>>
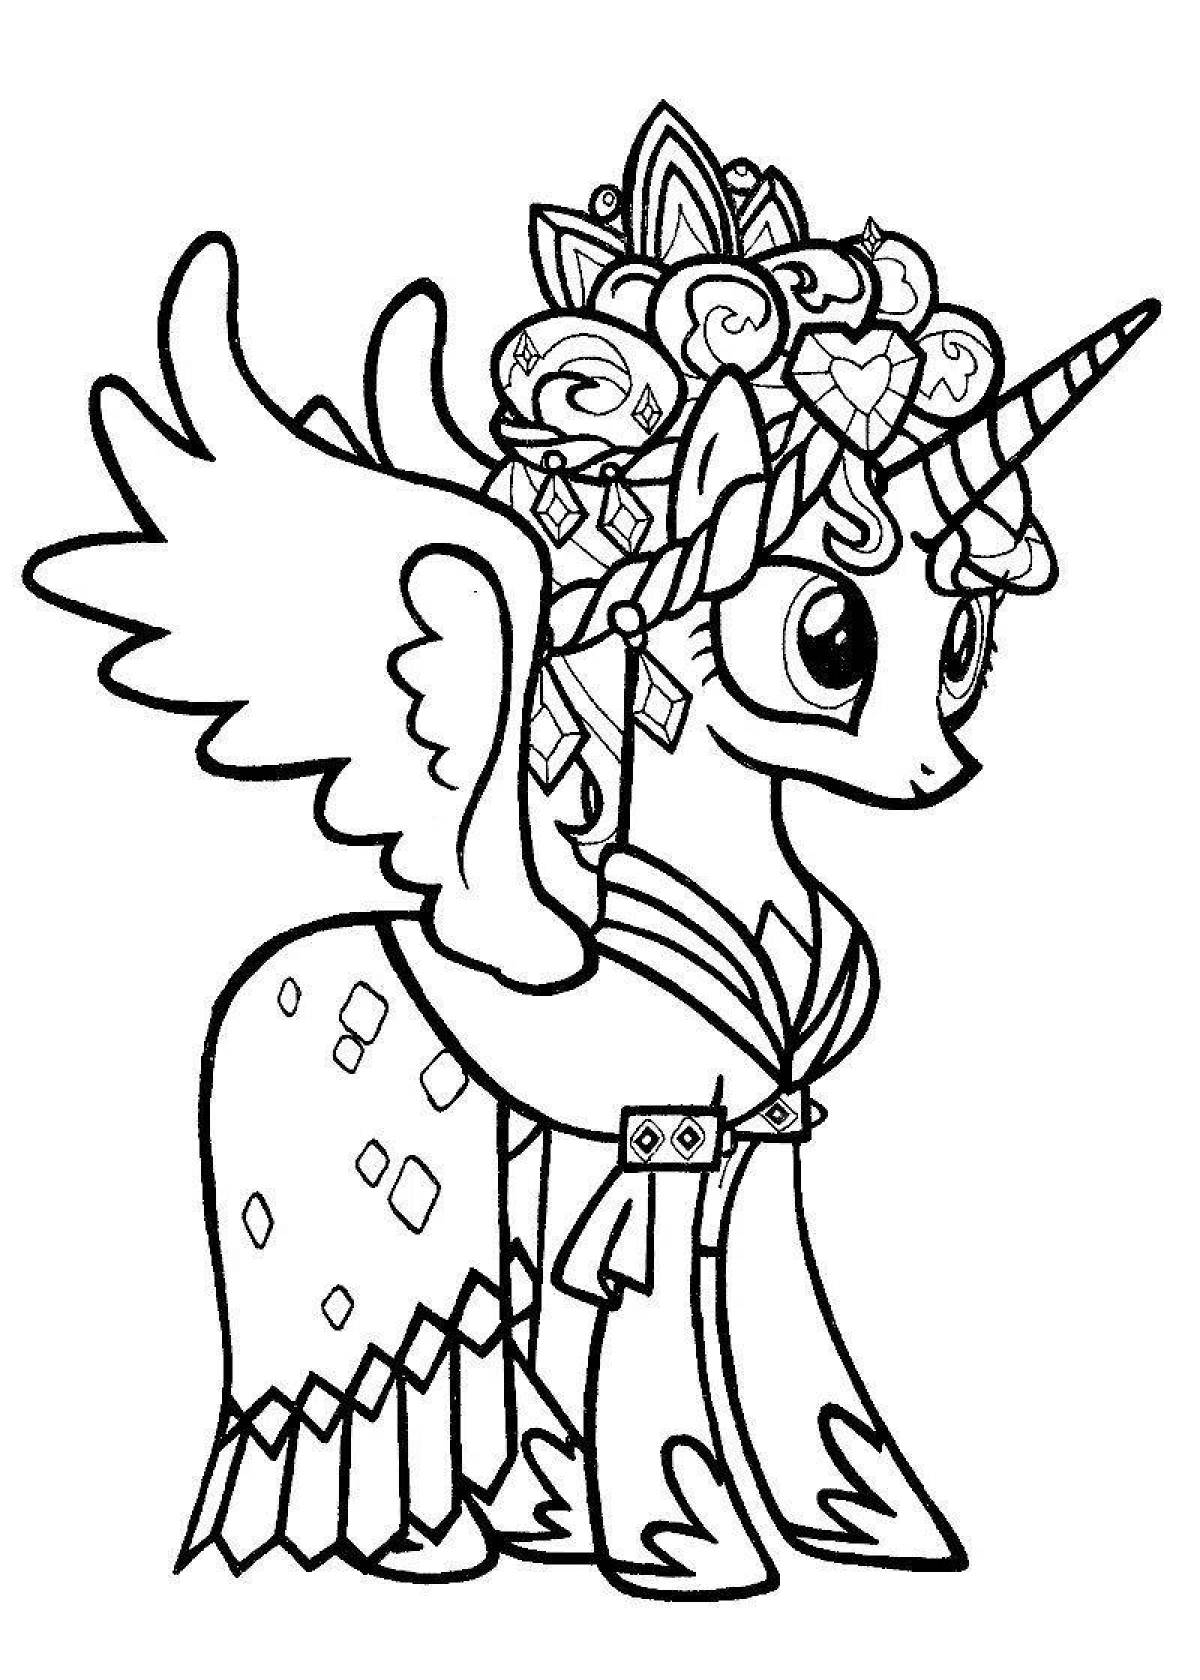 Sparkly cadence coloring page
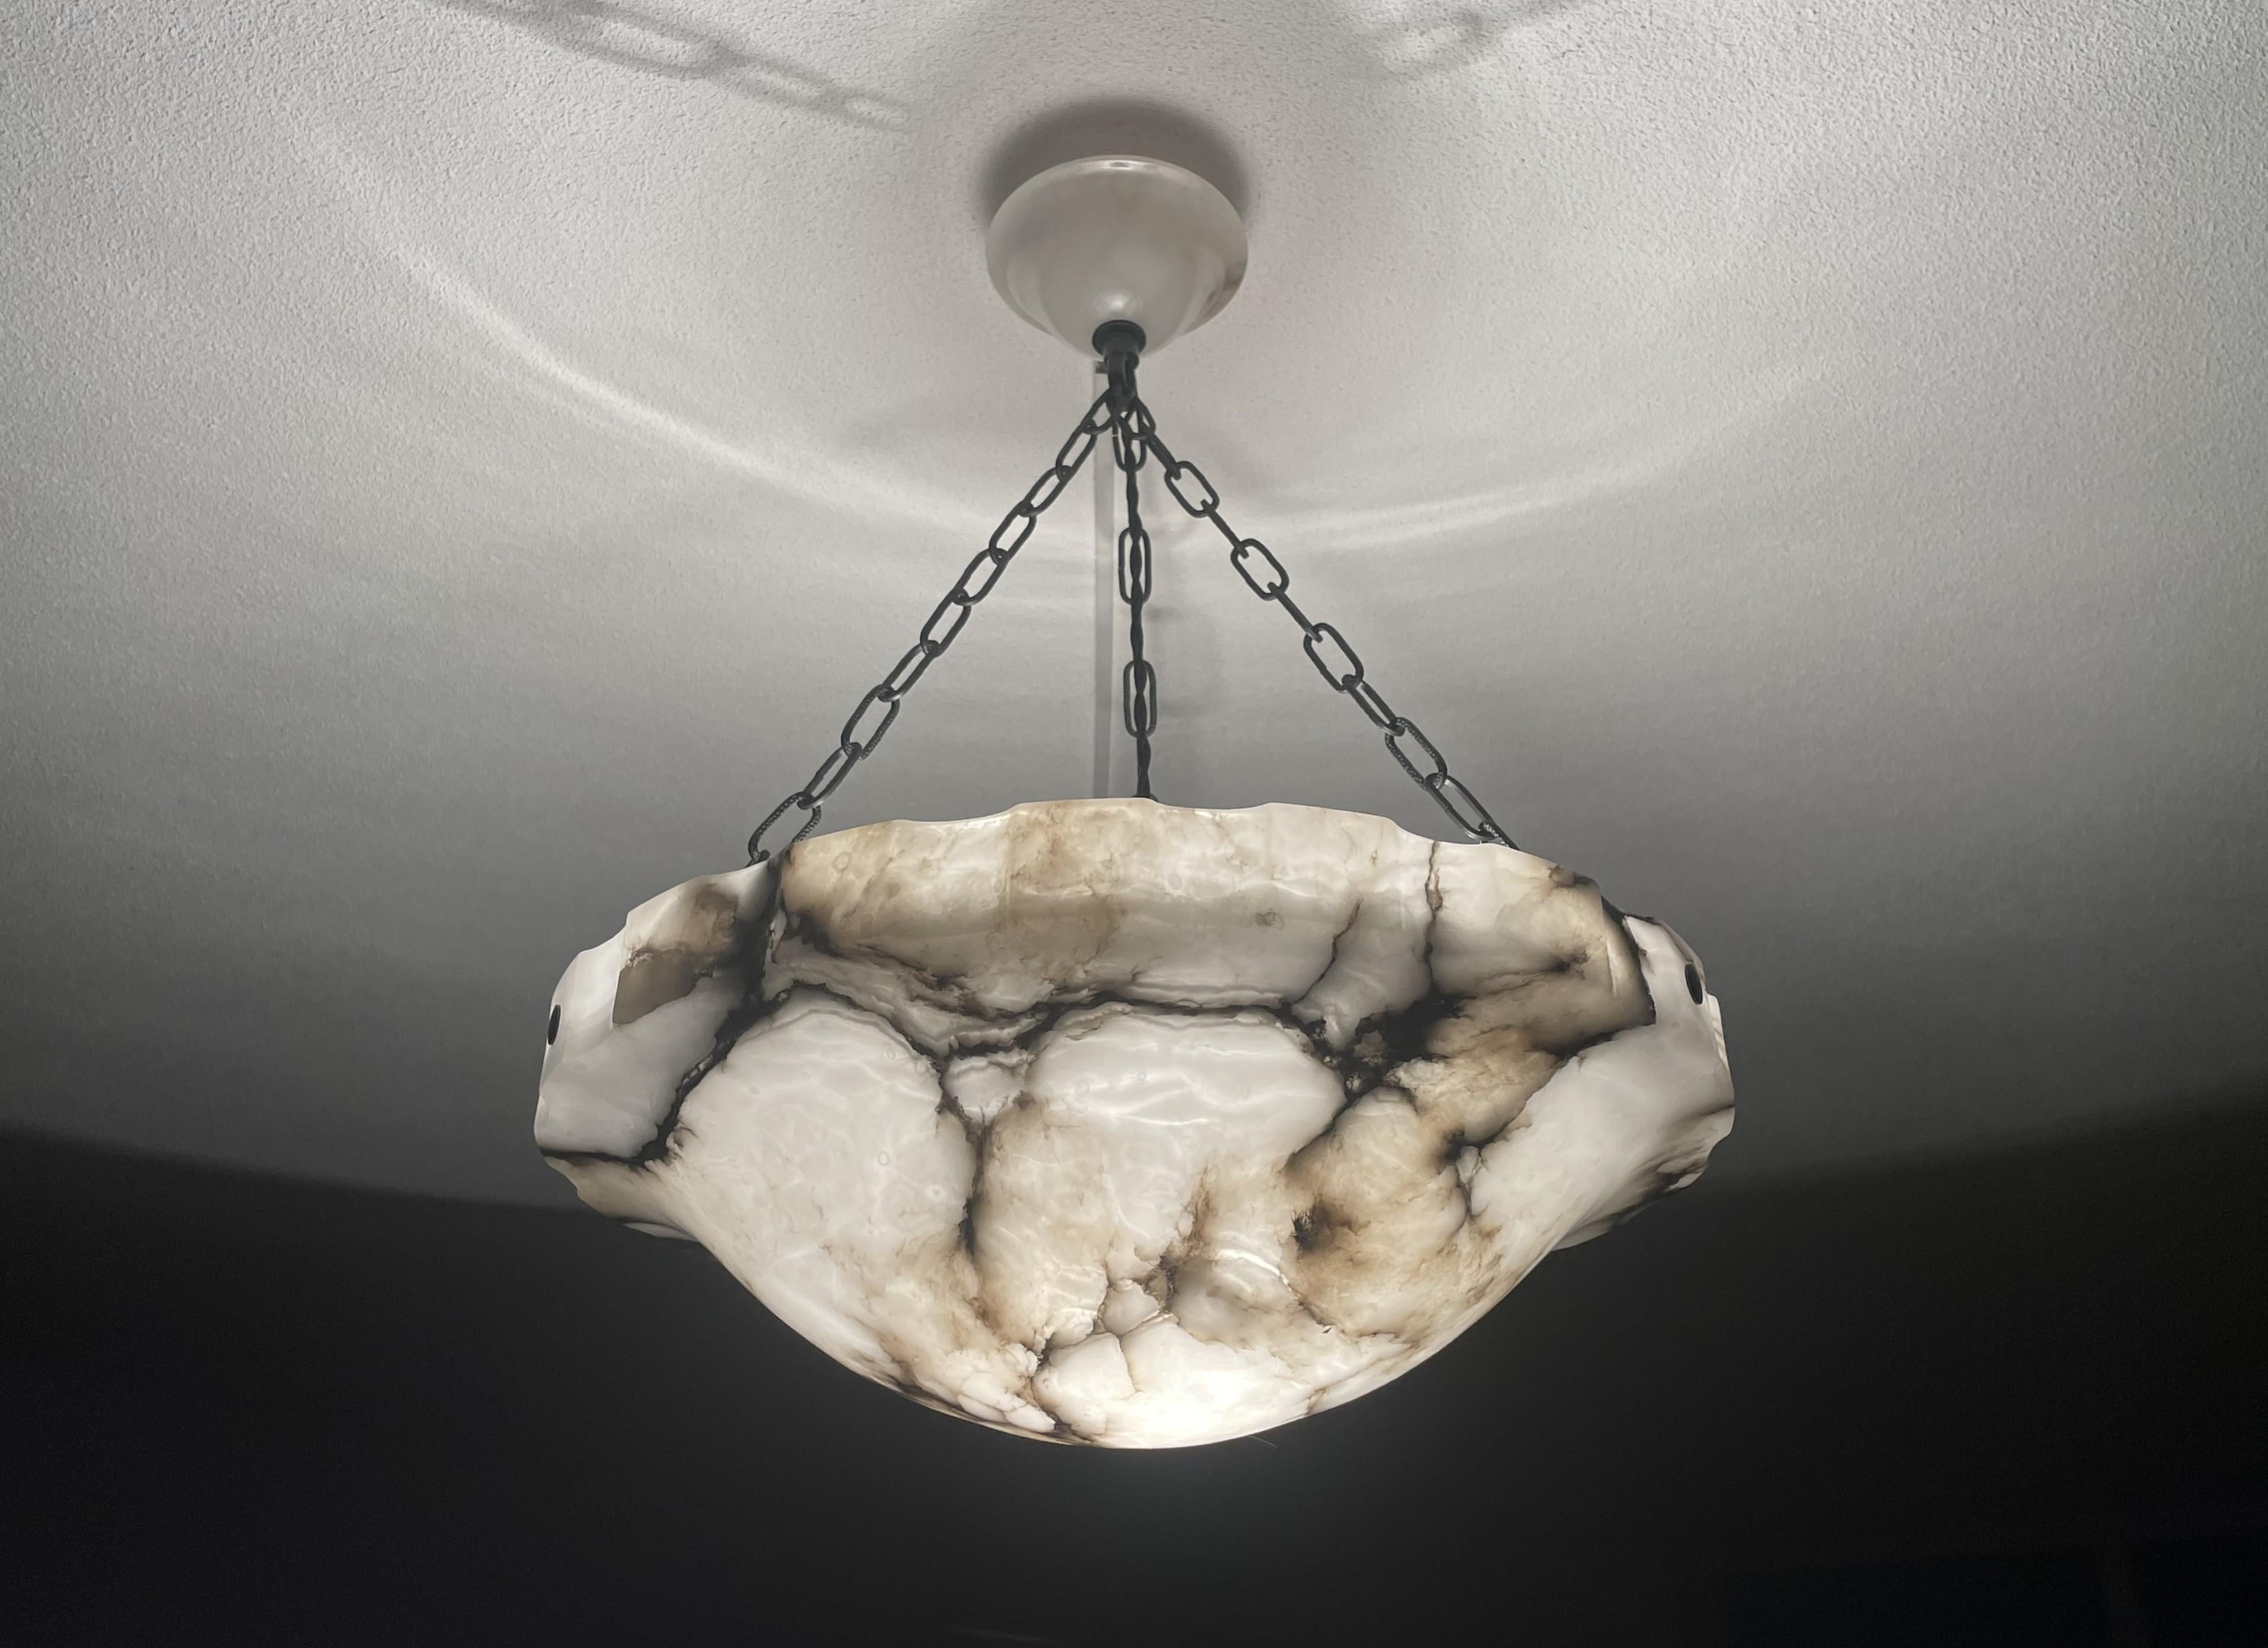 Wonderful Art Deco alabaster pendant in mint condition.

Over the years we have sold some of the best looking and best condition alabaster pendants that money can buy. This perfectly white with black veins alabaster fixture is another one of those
<<
#### Try it:
The whole listing must be transcribed exactly. No pictures belong in the copy.

#### Answer:
 Sparkly cadence coloring page
 Wonderful Art Deco alabaster pendant in mint condition.

Over the years we have sold some of the best looking and best condition alabaster pendants that money can buy. This perfectly white with black veins alabaster fixture is another one of those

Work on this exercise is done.